Privacy advocates argue that while freedom of information is an important value and that some “invasions” of personal privacy are “warranted” in the name of open government (i.e., the interest in public access outweighs the person’s privacy interests), other disclosures of private information in public records are “unwarranted” (i.e., the interest in privacy outweighs the public’s interest in access to government documents).
But who decides whether a disclosure of private information in government documents is warranted or unwarranted in the freedom of information context? And, more importantly for the purposes of this post, whoever that decision-maker may be, is it possible to construct a system that answers the warranted v. unwarranted question perfectly, each and every time it arises?

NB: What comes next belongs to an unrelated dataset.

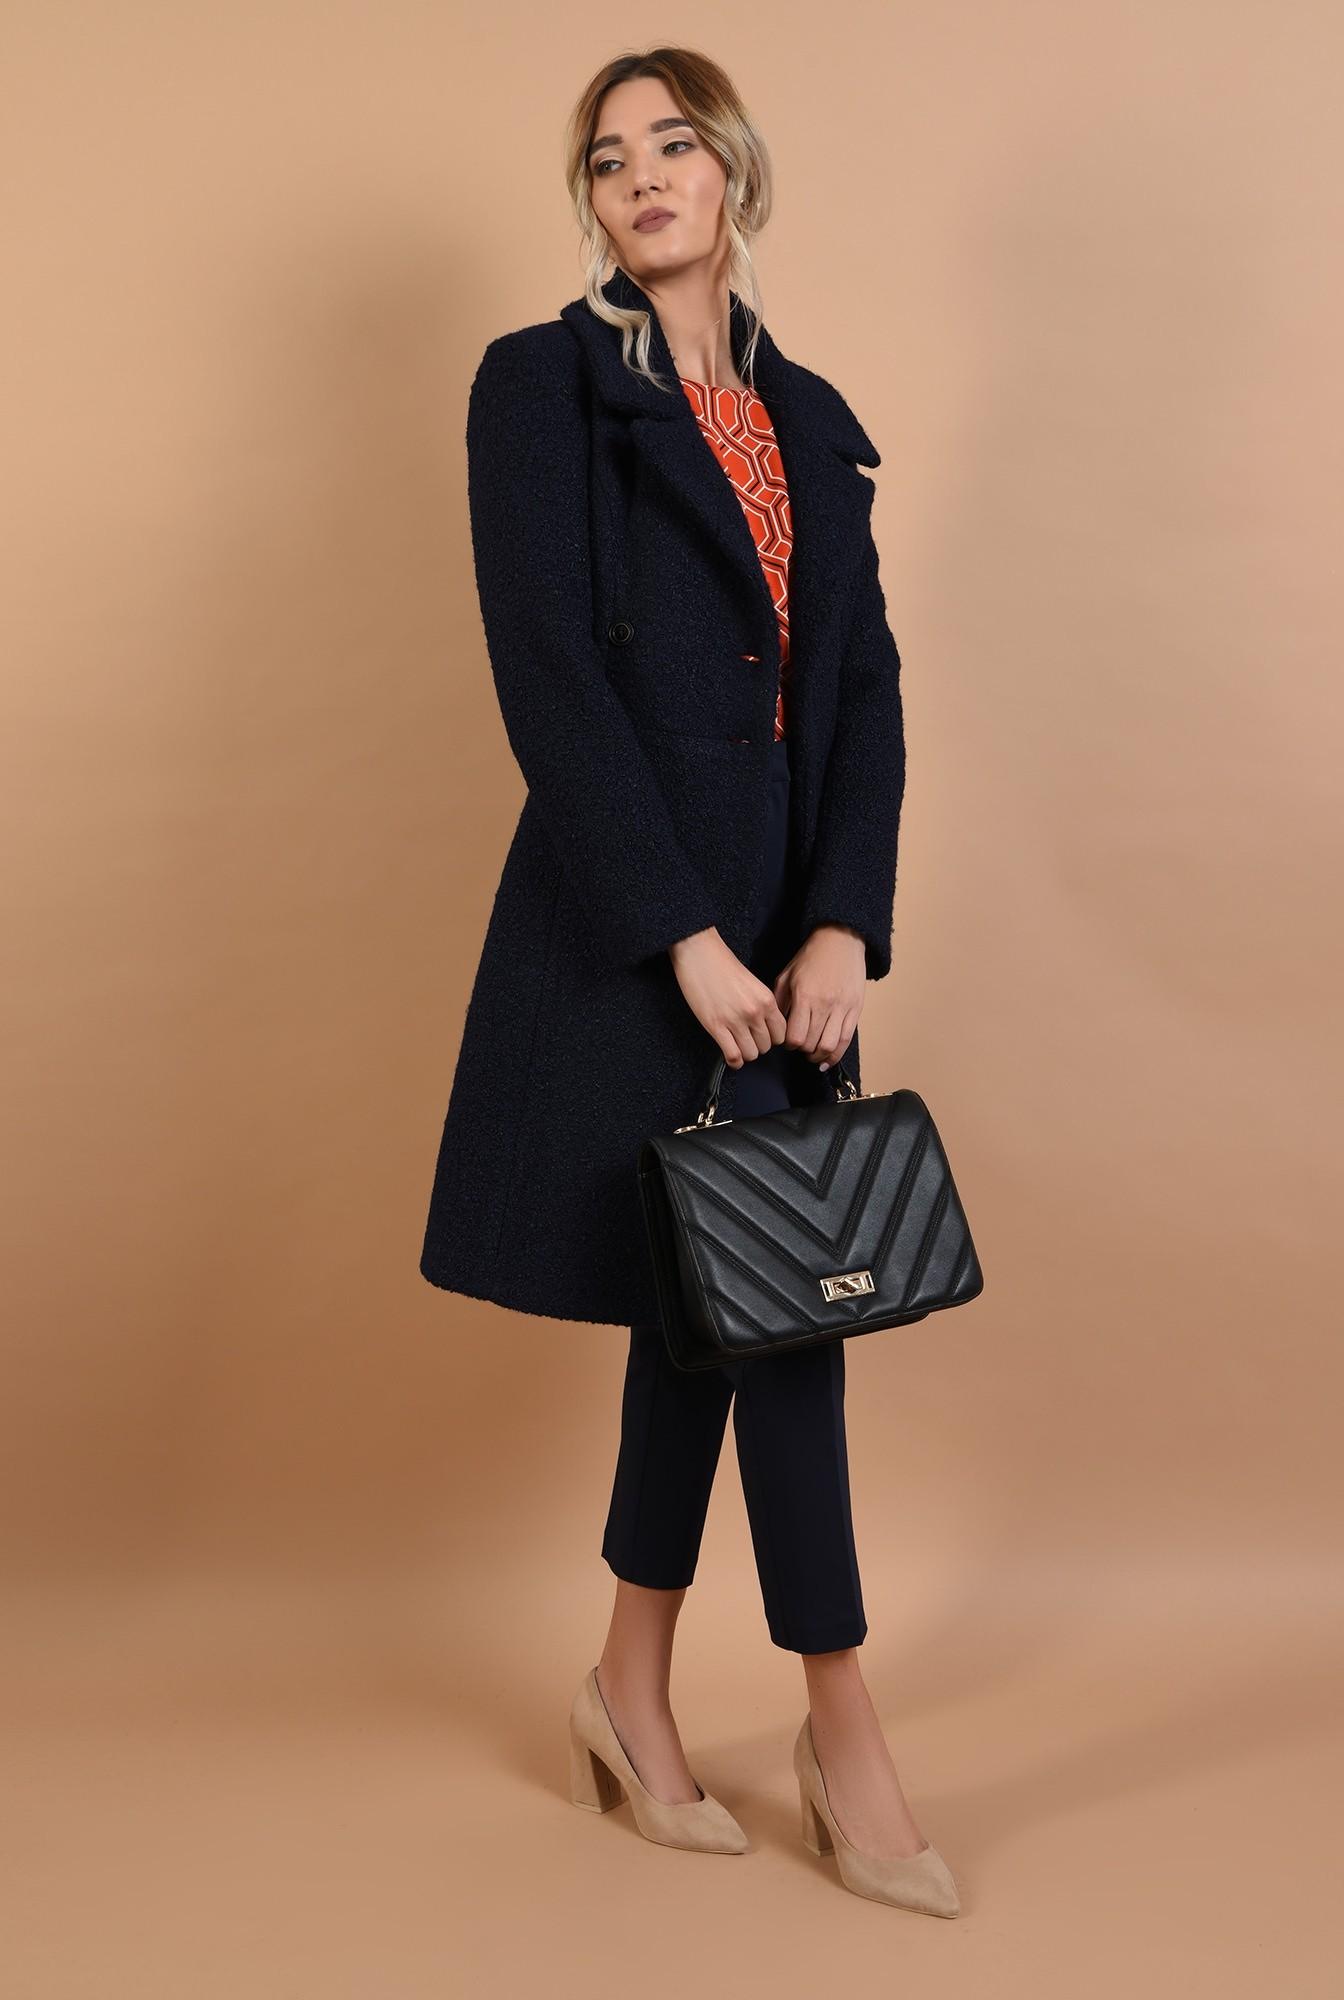 3 - palton bleumarin, cu nasturi, revere crestate, anchior petrecut

In my view, just as error is inevitable in free debate, so too is error inevitable in deciding whether the disclosure of personal information in government files is warranted or unwarranted. Privacy advocates understandably argue that the public should bear the risk of error. In close cases, they argue, it is better to err in favor of protecting individual privacy. Open government advocates argue that, in close cases, it is better to err in favor of the public’s right to know. For open government advocates, freedom of information, like freedom of speech, requires “breathing space.”

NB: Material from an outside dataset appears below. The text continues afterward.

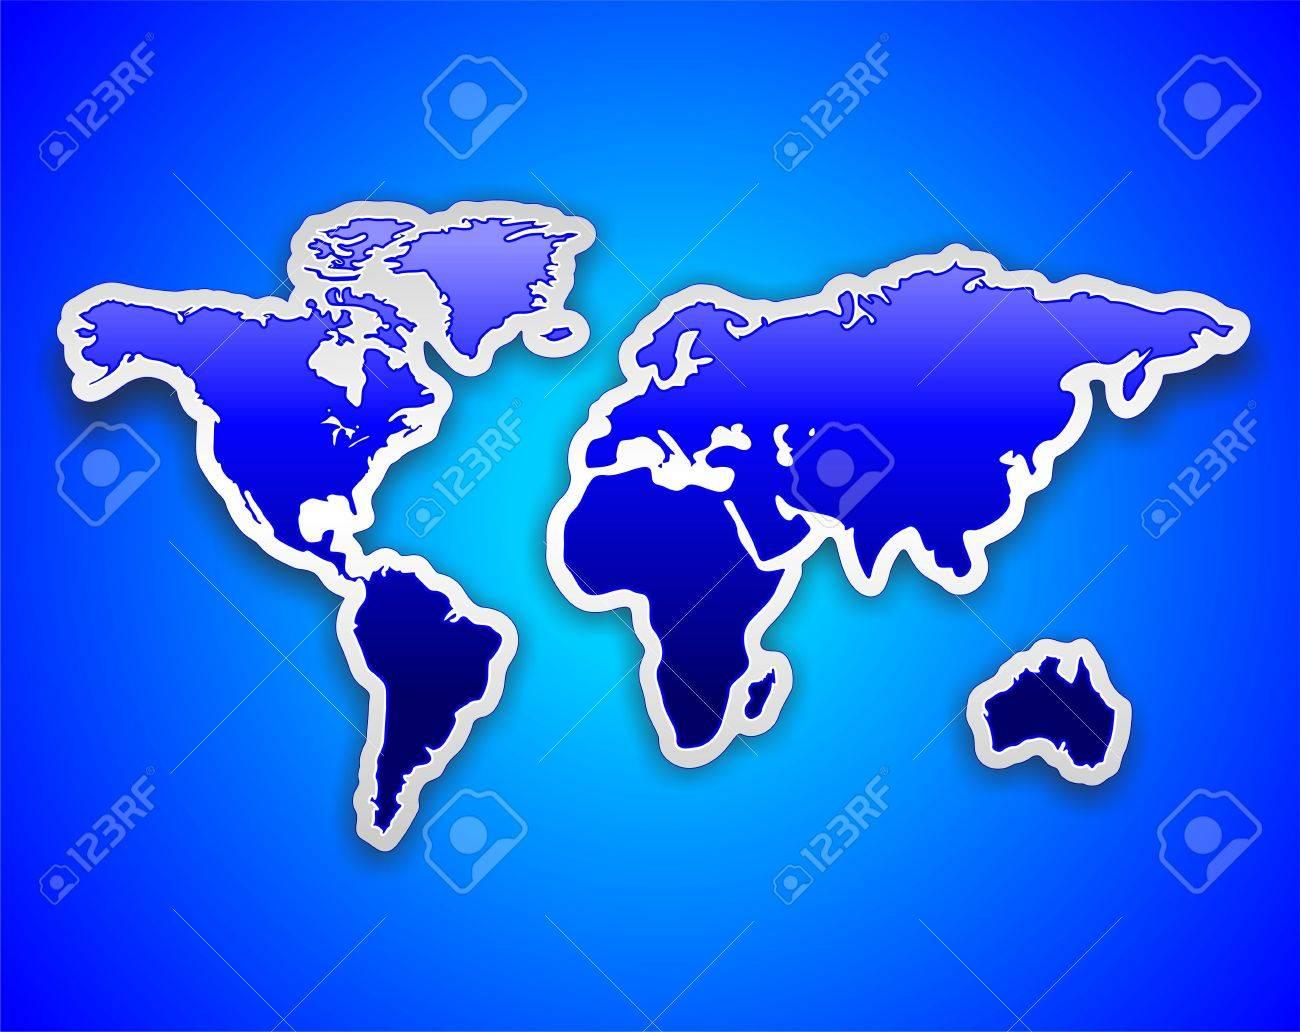 World map blue sticker on blue background royalty free cliparts vector world map blue sticker on blue background gumiabroncs Choice Image

This debate is playing out right now before the Connecticut General Assembly, which is considering legislation that would impose significant limitations on public access to witness information, 911 tapes and graphic crime scene photographs of homicide victims. At the risk of oversimplification, privacy advocates argue that the person seeking public disclosure of such information should bear the burden of proving that the public has a legitimate interest in it. Placing the burden of proof on the requestor shifts the risk that a “warranted” disclosure of information will be prevented towards the public. By contrast, FOI advocates argue that the public enjoys a presumptive right of access to all government records, that government records are presumed to be of legitimate public interest, and that the burden should always be on the government (or the affected individual) to prove that the particular requested government records are not matters of legitimate public interest. Putting the burden of proof on the opponent of disclosure means that he/she/it bears a greater risk that an “unwarranted” disclosure will be permitted. (Click here for a discussion of how burdens of proof allocate risks of error between litigants in adjudicative systems.)
How should this debate be resolved? Well, I’m an open government advocate, so. . . . But the arguments of privacy advocates should not be dismissed with the back of a hand.
At the end of the day, the question is this: What kind of society do we want to live in? Do we want to live in a society that places a premium on free debate and open government? (I do.) If so, we must recognize that those freedoms are, well, not free. They have a very real cost. Anyone who thinks otherwise is deluding himself.